But 'genuine improvement' is not the same as 'free.' A low-selectivity SAI query — one that matches 30% of rows — still performs worse than a well-designed partition key query.
Rule: always include the partition key in SAI queries when possible. SAI narrows results within a partition far more efficiently than across the whole cluster.
Key Takeaway
SAI replaces SASI in Cassandra 5.0 — SASI is deprecated and should not be used in new deployments.

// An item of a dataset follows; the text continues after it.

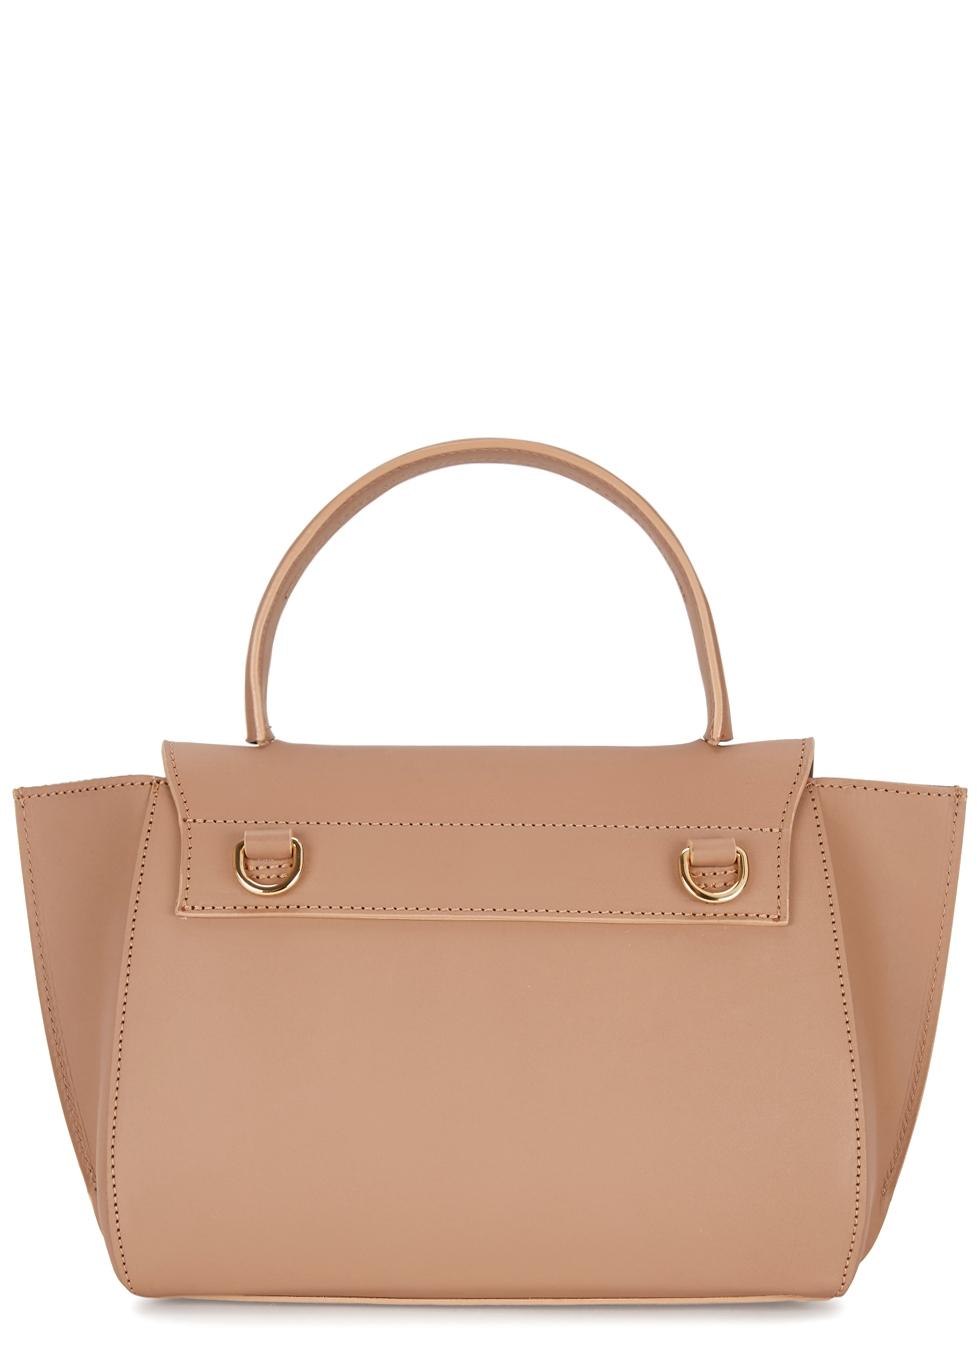 Atp Atelier Arezzo Camel Leather Shoulder Bag in Natural - Lyst

SAI supports equality, range, and vector (ANN) queries without ALLOW FILTERING.
Include the partition key alongside SAI conditions wherever possible — it scopes the index lookup to one partition rather than the full cluster.
For AI workloads requiring embedding similarity search, Cassandra 5.0 + SAI vector indexes removes the need for a separate vector database at moderate scale.
Secondary Index Strategy in Cassandra 5.0
IfNeed to query on a non-primary-key column, column has high cardinality
→
UseUse SAI (USING 'sai') — efficient for selective queries, no separate table required
IfNeed to query on a non-primary-key column, query is for a known stable pattern
→
UseCreate a dedicated table with the column as partition key — fastest reads, predictable performance
IfNeed approximate nearest neighbor search for ML embeddings
→
UseUse SAI vector index on a vector<float, N> column — built into Cassandra 5.0, no external vector DB needed for moderate scale
IfExisting cluster uses SASI indexes
→
UsePlan migration to SAI — SASI is deprecated in 5.0 and will not receive new features
Connecting a Java Application — DataStax Java Driver
Every other concept in this guide — rings, partition keys, consistency levels, SAI — becomes concrete once you see how an application actually talks to Cassandra. The standard driver by 2026 is the DataStax Java Driver for Apache Cassandra, version 4.x. It replaced the older CQL driver and the Astyanax client.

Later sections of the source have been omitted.